> _TASK TO COMPLETE_:
Retype the lines of the material below, exactly and only, from the one containing "мирном разрешении конфликта" through the last line, with pictures left out.

---------- SUPPLIED DATA

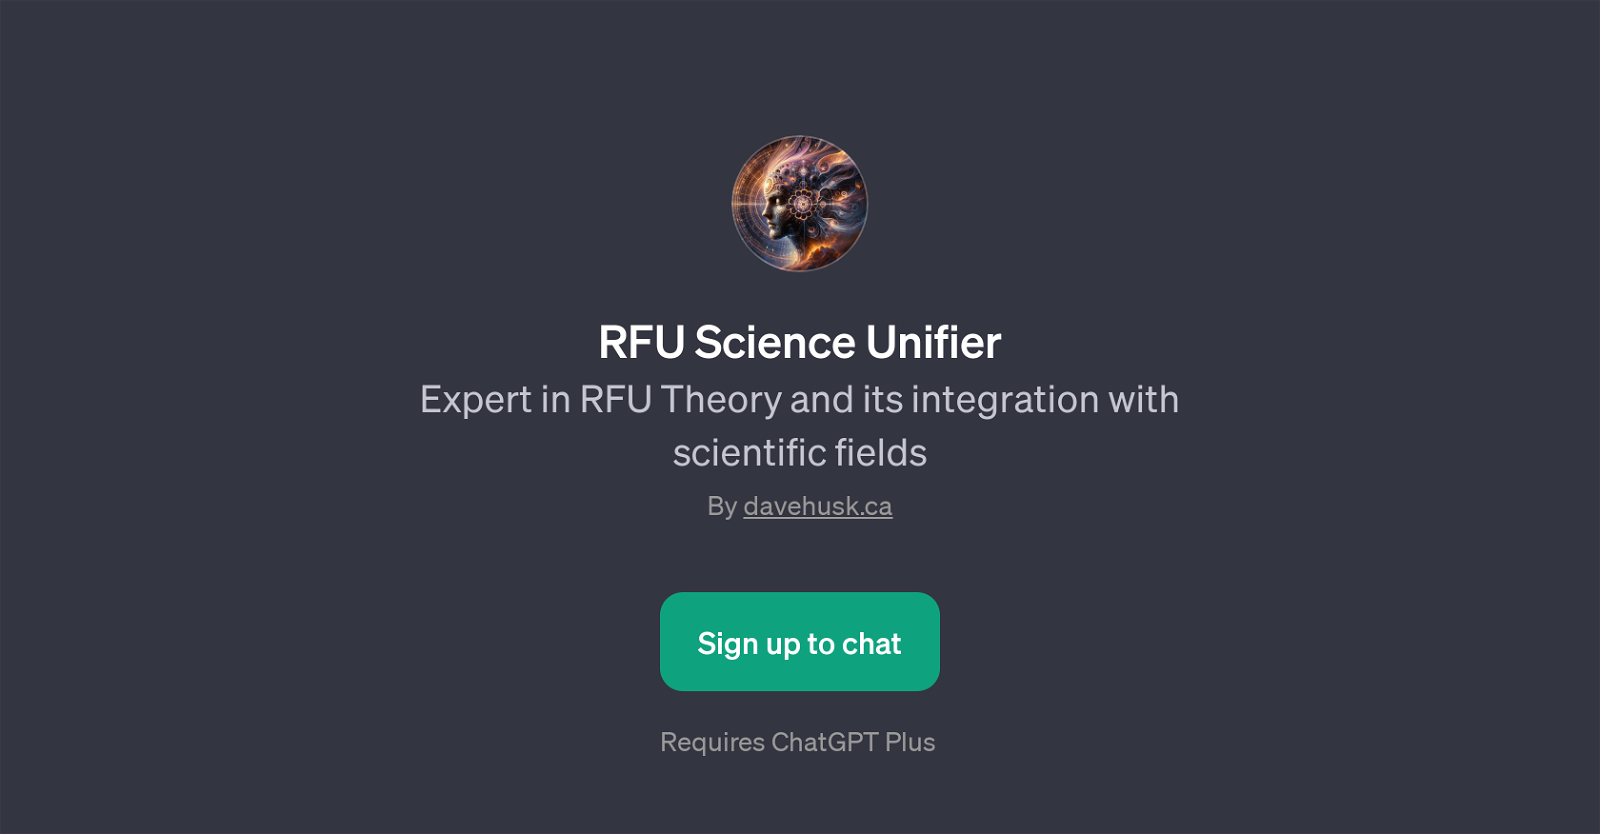 RFU Science Unifier website
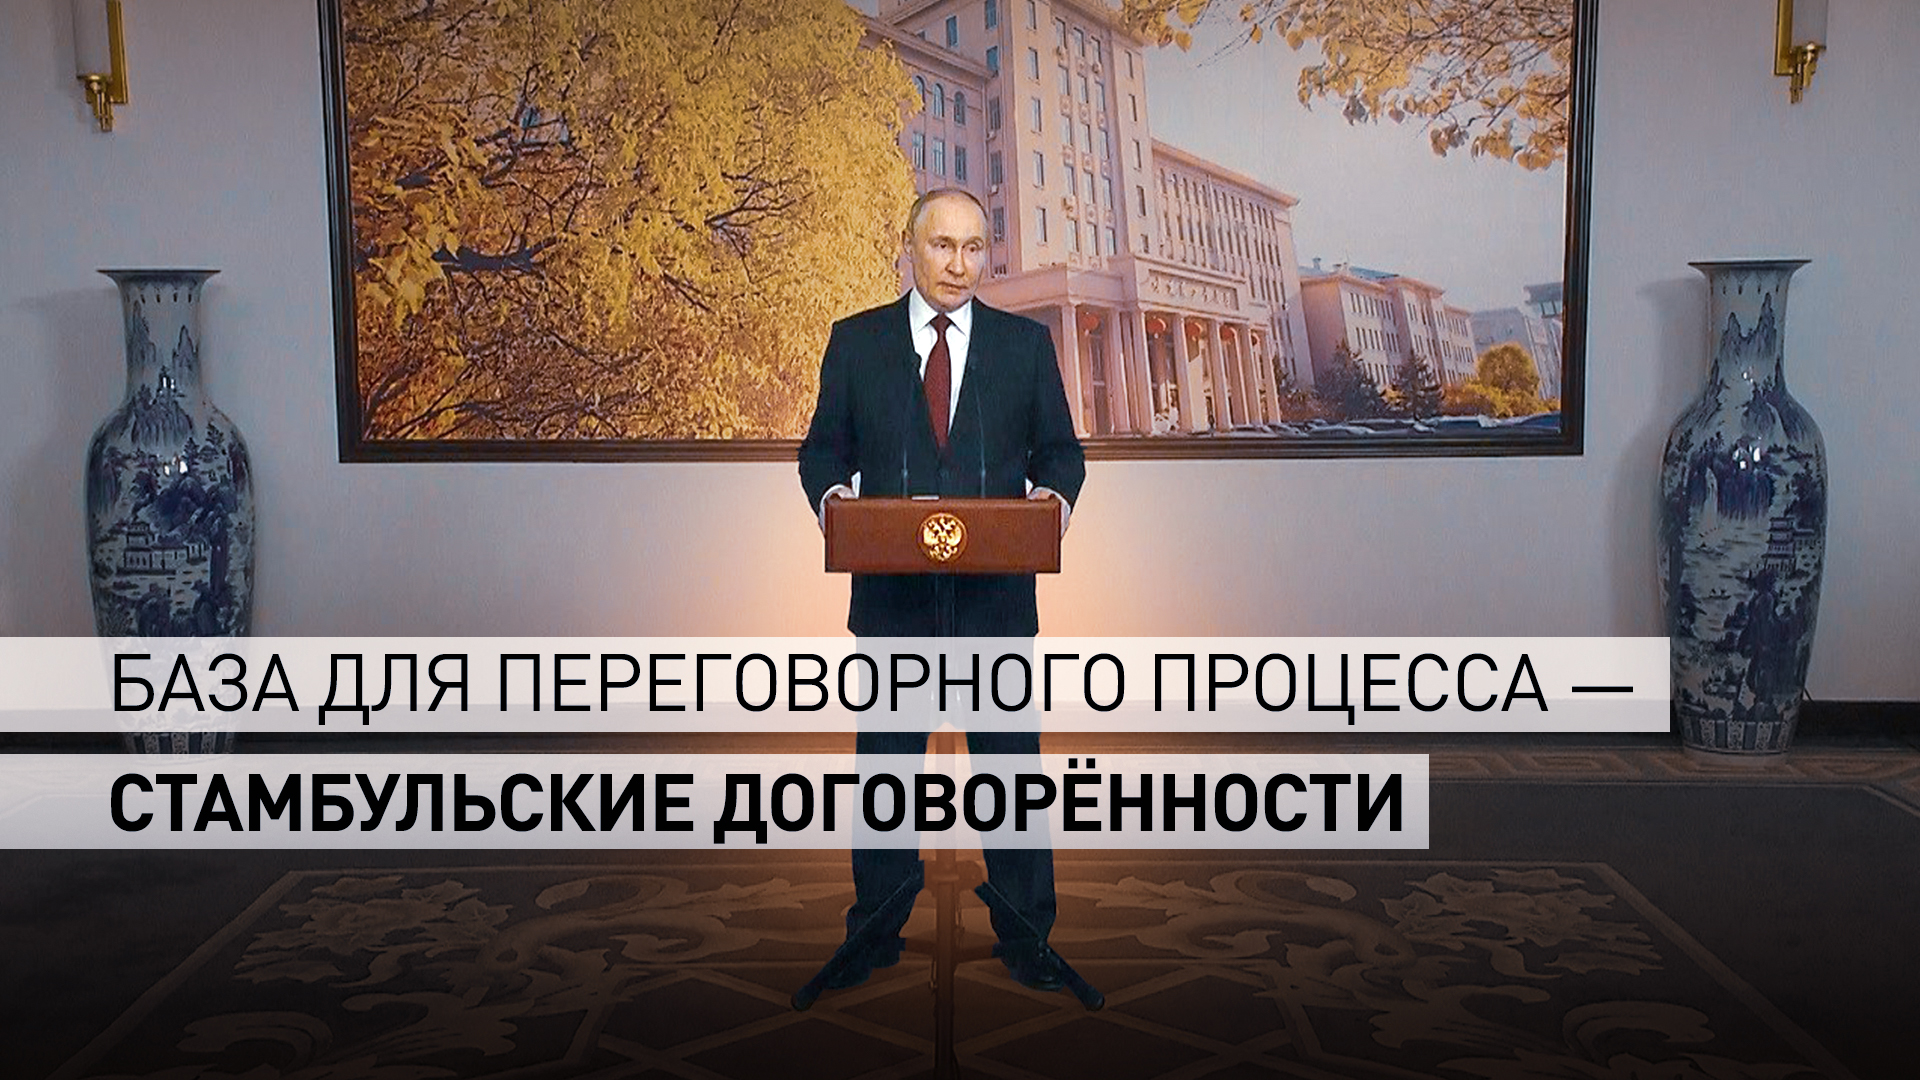 «Мы должны понять, с кем и как мы можем иметь дело»: Путин — о мирном разрешении конфликта
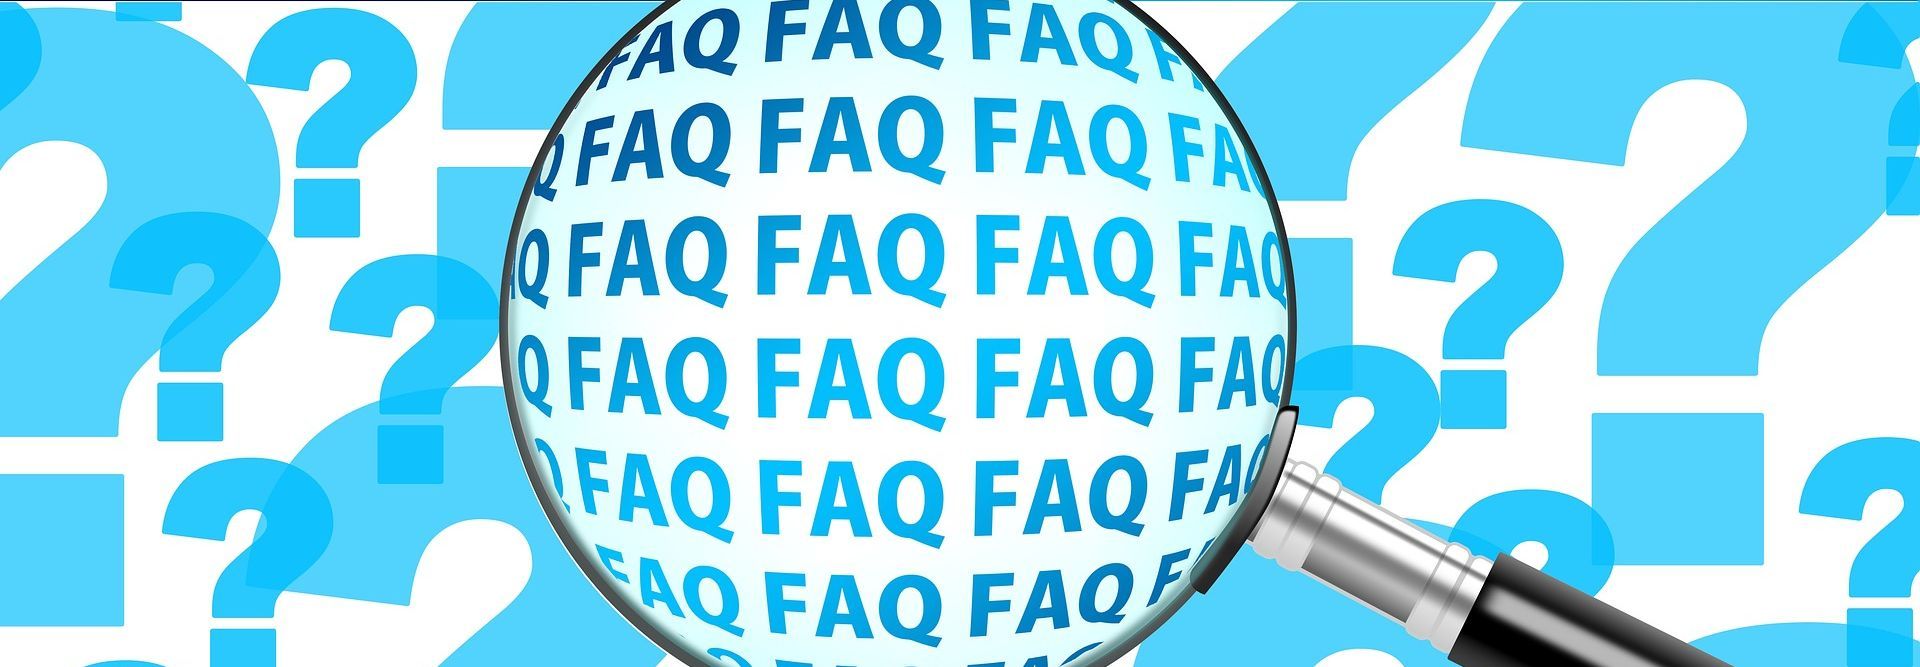 Blaue Fragezeichen und das Wort "FAQ" mit einer Luper hervorgehoben.

--------------------

> _COMPLETED TASK_:
 «Мы должны понять, с кем и как мы можем иметь дело»: Путин — о мирном разрешении конфликта
 Blaue Fragezeichen und das Wort "FAQ" mit einer Luper hervorgehoben.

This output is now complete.